EWCM is a good sign you're in your fertile period or it's imminent. If you have it on day 10 and 11, does it go back to creamy or dry by day 12? You don't necessarily get EWCM on the exact day you ovulate (though you can), but you should get it around that time, including the few days leading up to it. I always found I got the most EWCM in the 2-4 days before O day and on O day, it actually went back to creamy. But it doesn't matter as much when you ovulate, as it does that you have sex when you see EWCM. That should safely get the sperm up inside your tubes so they can wait for the egg to be released. Ideally you'd want this to happen 1-3 days before so the sperm don't miss the egg. So if you are TTC, make sure to BD on those days you see EWCM regardless of when you might think O is coming. Also, are you charting or using OPKs or anything else to pinpoint ovulation? You definitely can ovulate around day 11 or 12 and it's not unusual. It doesn't matter how long your luteal phase it, it just can't be too short.

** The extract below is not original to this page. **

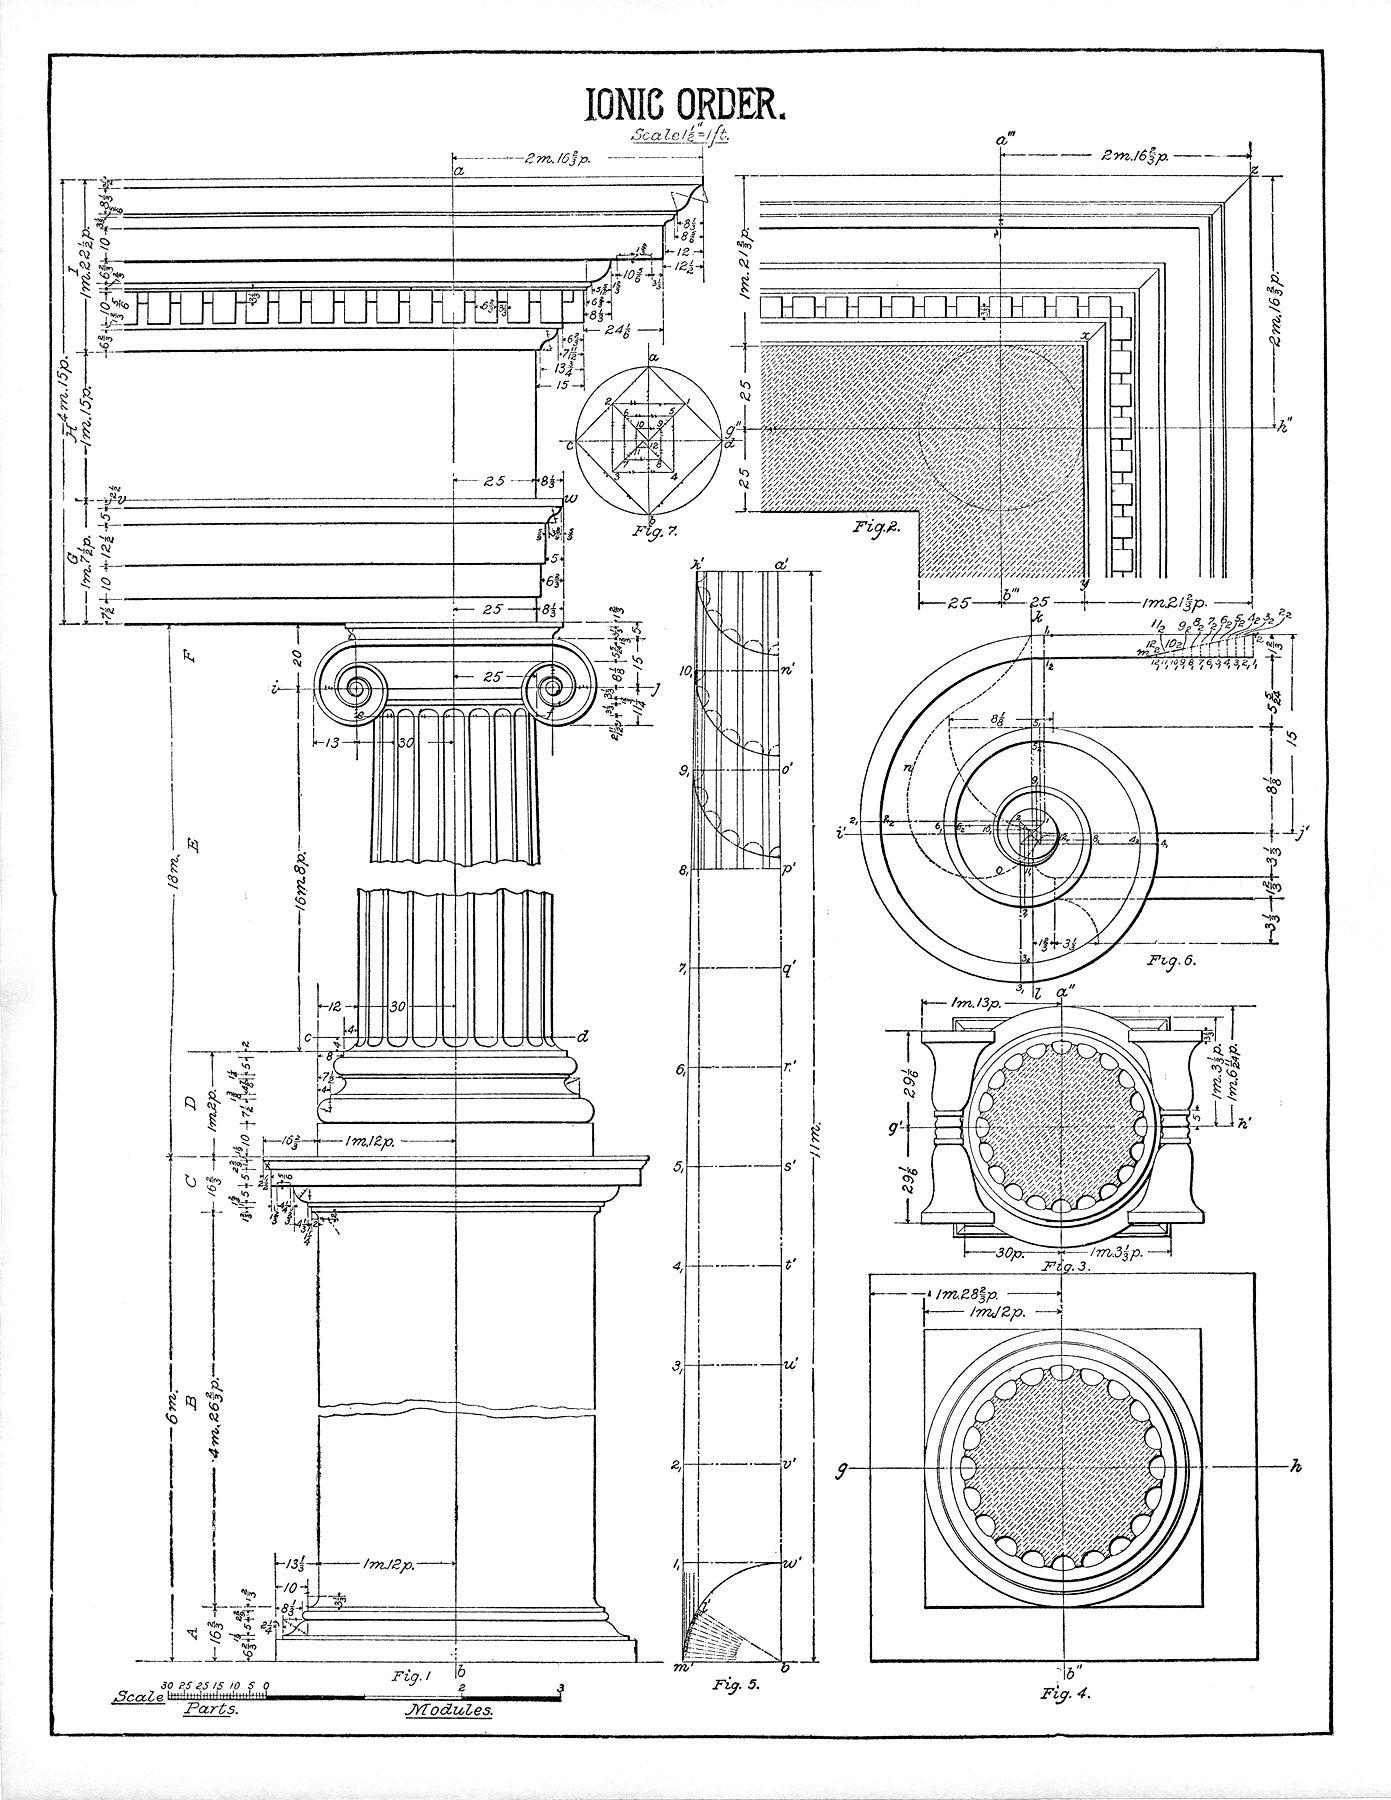 Architecture Printable Ionic

So 16 days would be a perfectly healthy length, though I'd guess it might be you're actually ovulating a little later than you think, but just get EWCM on the early side. Hope that helps! Good luck!


----------



## katherinegrey

I found I had EWCM for a few days before ovulation and not actually on ovulation day, in fact the cycle I got pregnant was the only time in 9 months I noticed EWCM on ovulation day!


----------



## cupcaker

I found the whole CM stuff a bit too difficult/couldn't really tell what was going on. I used ovulation tests and they made things really quite simple to me. Good luck x


----------



## BunnyN

MindUtopia said:


> EWCM is a good sign you're in your fertile period or it's imminent. If you have it on day 10 and 11, does it go back to creamy or dry by day 12?

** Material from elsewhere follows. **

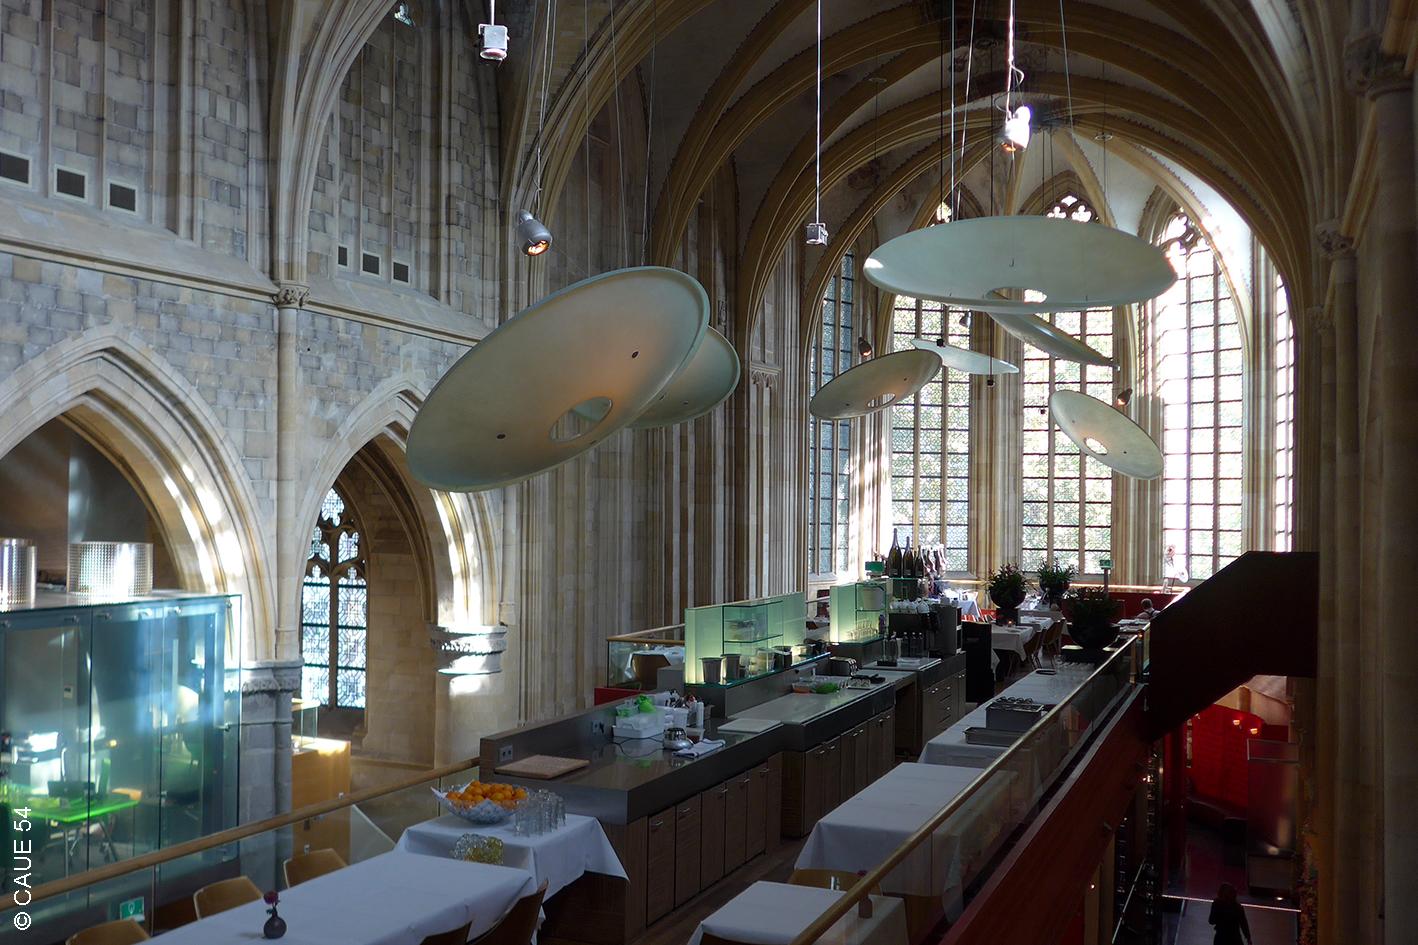 Kruisherenrestaurant - Maastricht - Pays-Bas

I've not been charting properly, I get a bit lost with all the words like creamy, sticky, lotion like and milky so I thought just writing down a few notes to get the idea. It didn't go back to dry straight after, somewhere between sticky and creamy (maybe) for a couple of days.


----------



## BunnyN

Well I guess you girls were right lol: EW CM= fertility. I am pregnant! We weren't exactly planning it, had left the box of condoms in the car on day 10 and we were thinking about TTC anyway, so just the once ... 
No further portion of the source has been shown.